Modifié le jeudi 31 mai 2007 21:51

Le Gorgias (ou De la rhétorique) de Platon

Voyons maintenant le Gorgias (ou de la rhétorique) de Platon, qui nous permettra de comprendre pourquoi il est dans notre intérêt d'être vertueux.

La question qui est posée ici est de savoir à quoi sert l'art oratoire...
A cette question certains répondent au discours, mais il évident pour Socrate que cette réponse n'est pas suffisante car l'art oratoire ne s'occupe pas de tout les discours, il ne s'occupe pas des discours des médecins par exemple.
Alors Polôs (un disciple de Gorgias) annonce que c'est l'art qui cause le bien le plus grand, à ce moment-là Socrate intervient et fait remarquer que Polôs ne répond pas à la question, car il qualifie l'art oratoire, mais ne le définit pas...
Donc Gorgias précise que c'est l'art qui se pratique en politique car il permet de persuader, de prendre un pouvoir sur les autres (puisque "prendre la parole, c'est prendre le pouvoir"). Alors Socrate montre que d'autres arts s'occupent aussi de persuader (comme l'art d'enseigner).
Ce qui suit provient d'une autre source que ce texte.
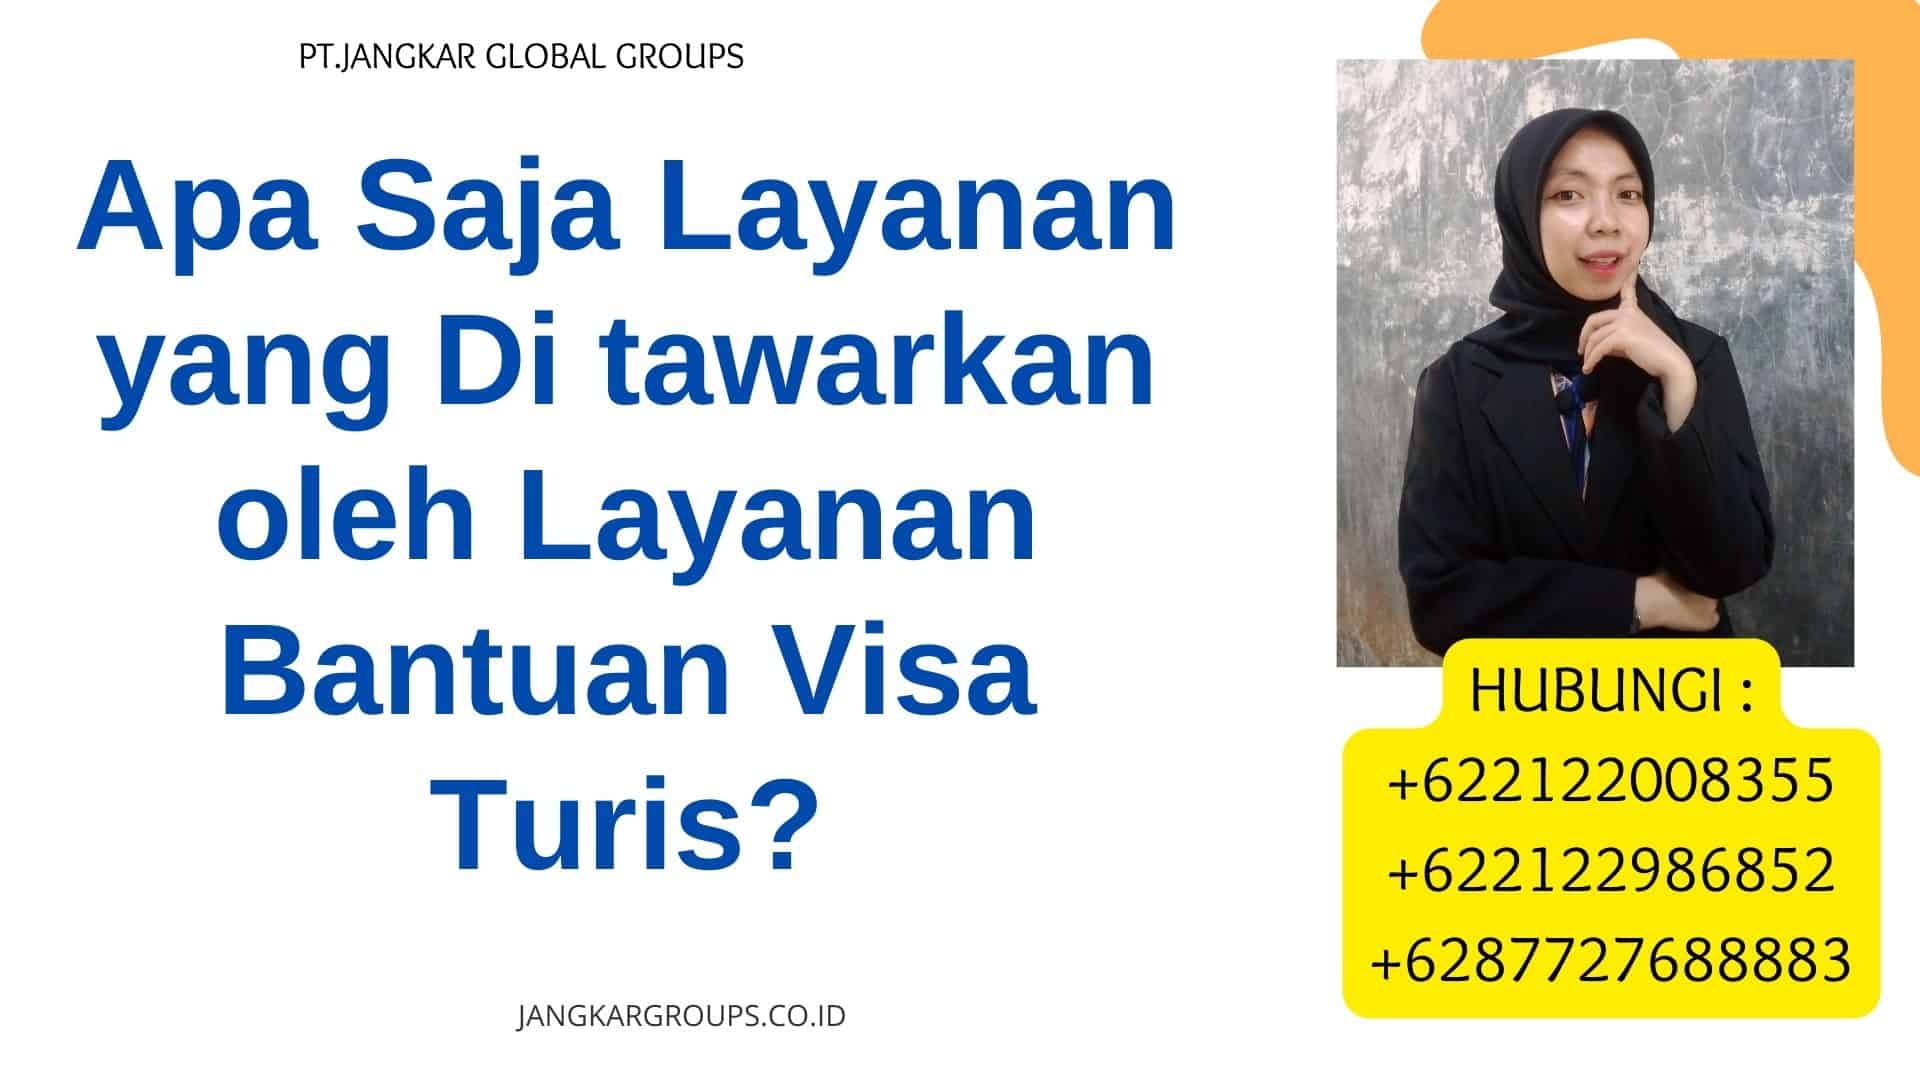 Apa Saja Layanan yang Di tawarkan oleh Layanan Bantuan Visa Turis
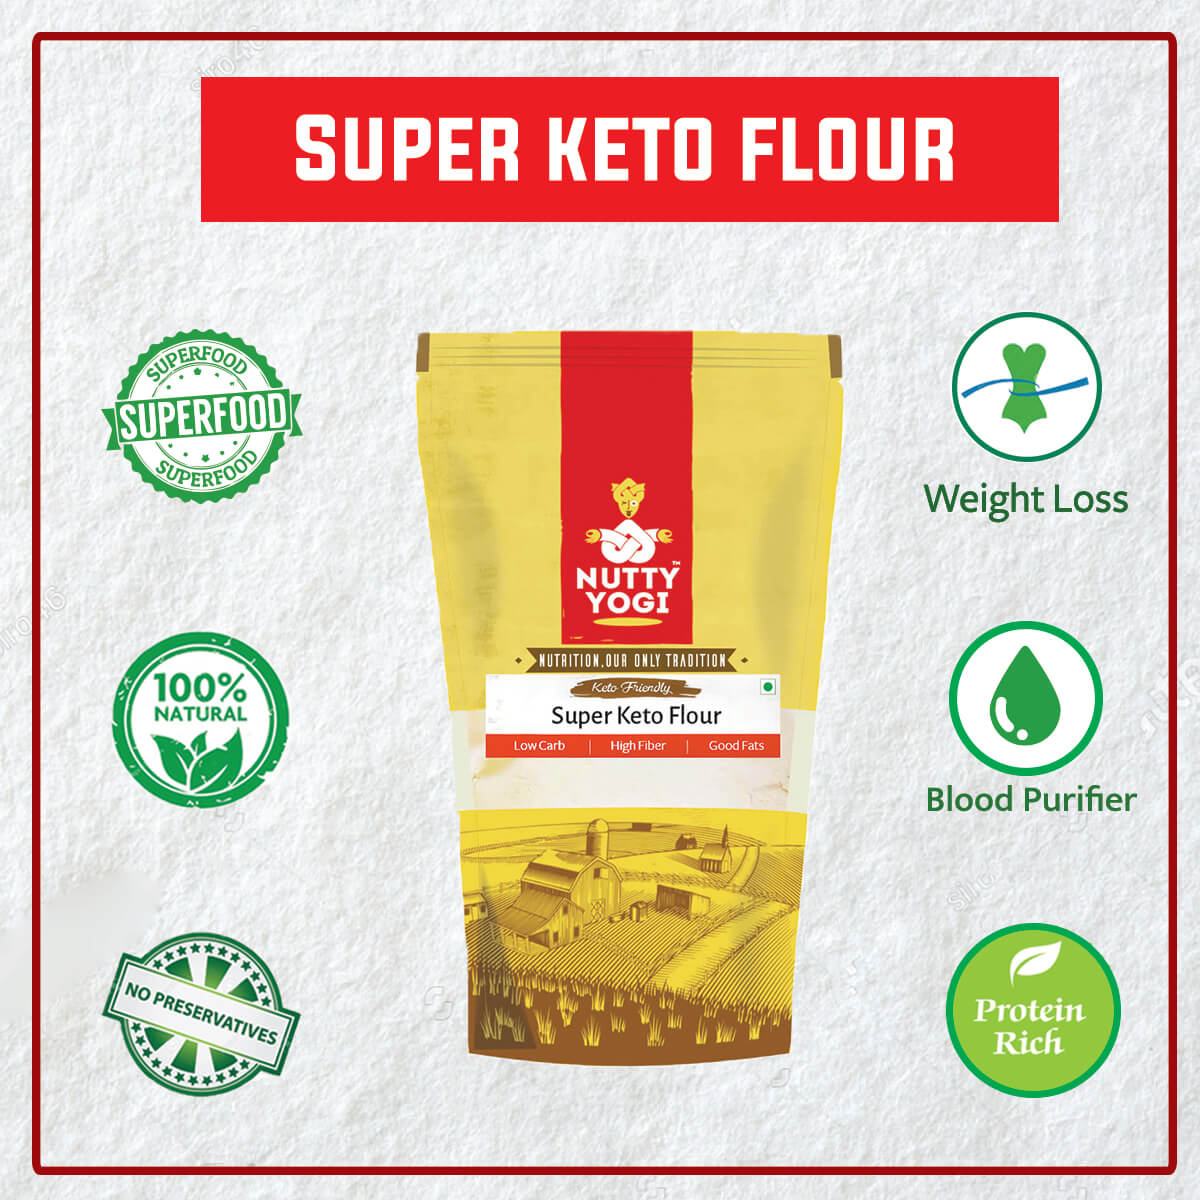 Super Keto Flour.

De là on crée une distinction entre l'art oratoire et les autres, car l'art oratoire crée de la croyance, pendant que les autres créent du savoir. Mais comme il ne s'exerce qu'à cela, celui qui manie l'art oratoire mais qui ne sait pas de quoi il parle, persuade mieux que quelqu'un qui le sait. Néanmoins Socrate, montre qu'il ne pourra jamais persuader celui qui sait, et d'autre part, cet art ne se soucie guère du juste et de l'injuste !
Polôs demande alors à Socrate sa définition de l'art oratoire. Il répond alors que ce n'est pas un art, mais un savoir faire visant à flatter "sans s'inquiéter de ce qui vaut le mieux". Le sophiste n'a, pour Socrate aucun pouvoir, car avoir un pouvoir c'est faire ce que l'on veut en fonction de ce que l'on juge bon. Mais les sophistes et les tyrans font ce qu'ils jugent bon mais sans intelligence, donc cela n'aboutit pas à ce qu'ils veulent (comme vouloir se soigner et juger bon de boire du poison pour cela).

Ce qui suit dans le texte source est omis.